Zabbly, for additional context, is Stephane Graber's company that he set up as a consultant service for Linux and Linux Container (both in terms of the Linux Container organization and the LXC project)
As a whole, the project has left the choice of web interface up to the user: https://discuss.linuxcontainers.org/t/incus-6-7-has-been-rel...
> But it's the same developer for both, and I'm willing to bet it's a similar mindset for projects.
This is getting dangerously close to a mischaracterization of events surrounding the Linux Containers and Canonical split.
See: https://stgraber.org/2023/12/12/lxd-now-re-licensed-and-unde... in addition to: https://linuxcontainers.org/incus/announcement/
EDIT: I read this part to suggest that former LXD team members that are now on the Incus team potentially have the same mindset, if this is wrong, please correct me.

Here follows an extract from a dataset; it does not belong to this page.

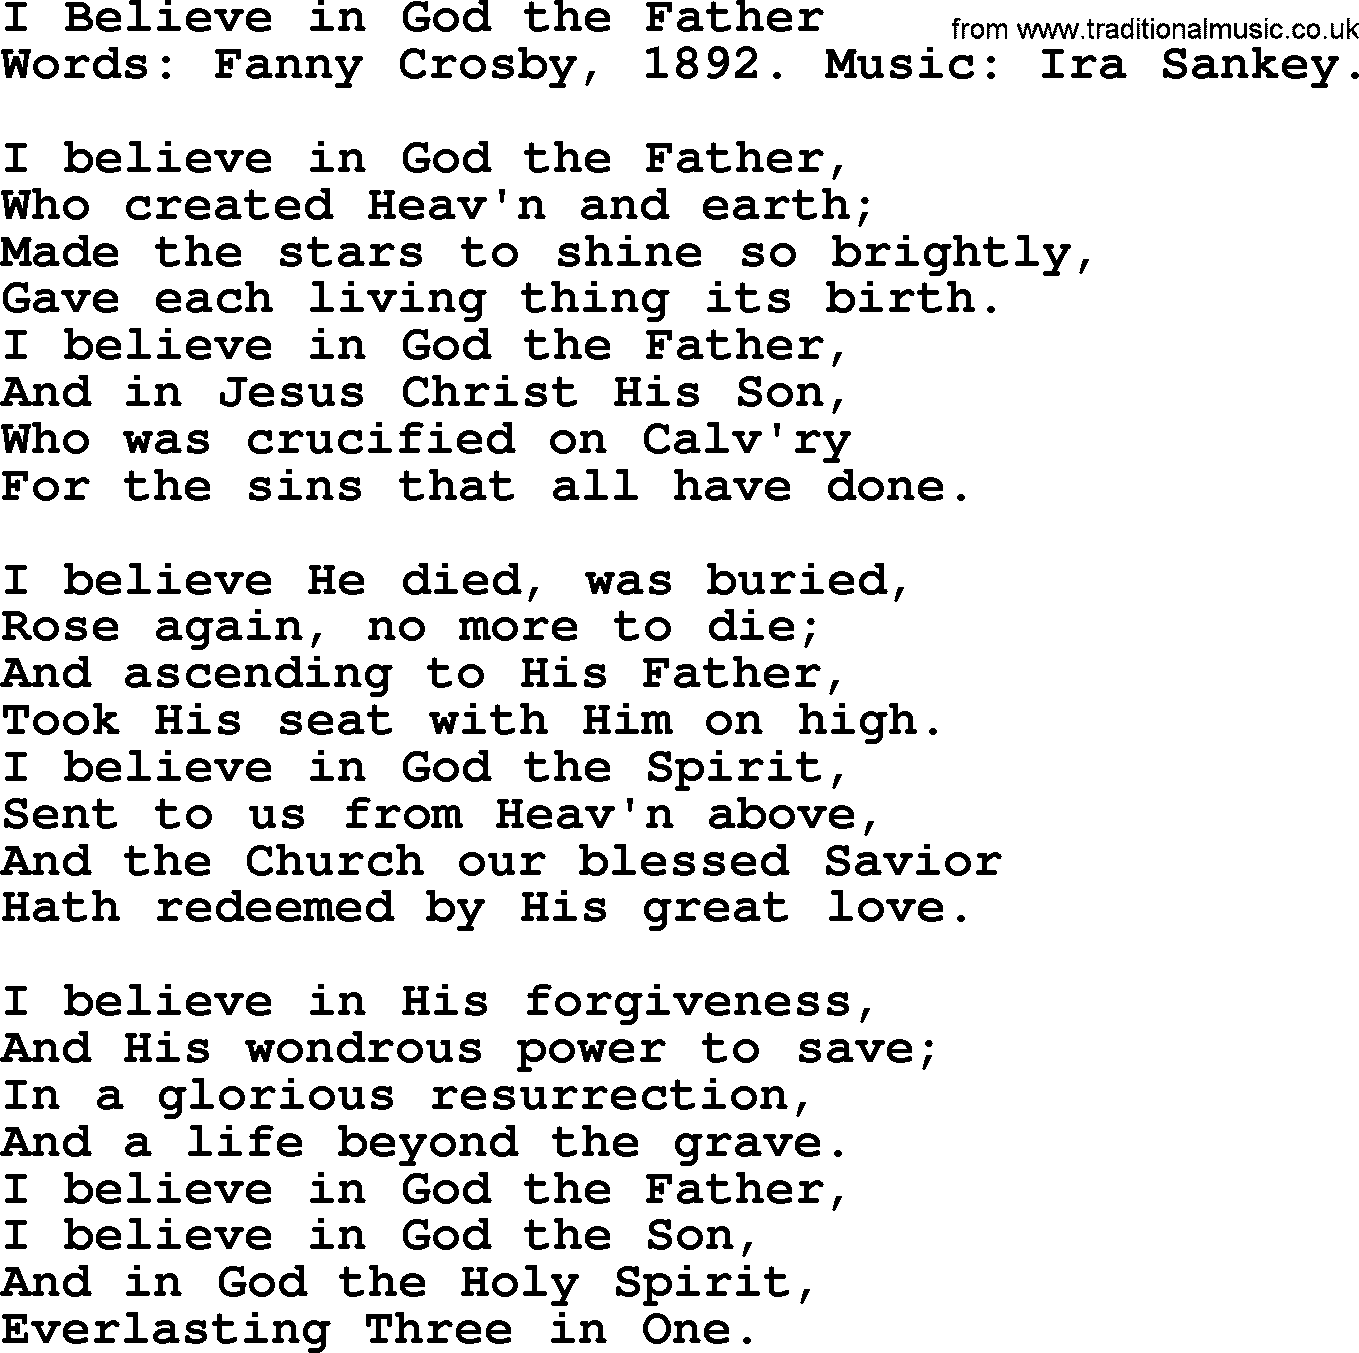 Fanny Crosby song: I Believe In God The Father, lyrics

> And I swear I had a similar experience with regards to some other incus issues where there was a similar response about changes.
So far from my two years of interaction (both as a lurker and commenter) on the forums and purveyor on the issue tracker, I've yet to see anything that resembles treating Canonical LXD as any form of upstream especially since the split.
It's software for a private cloud and can convert your legacy VMWare into IncusOS.
My home lab is not a private cloud and I don't use VMWare.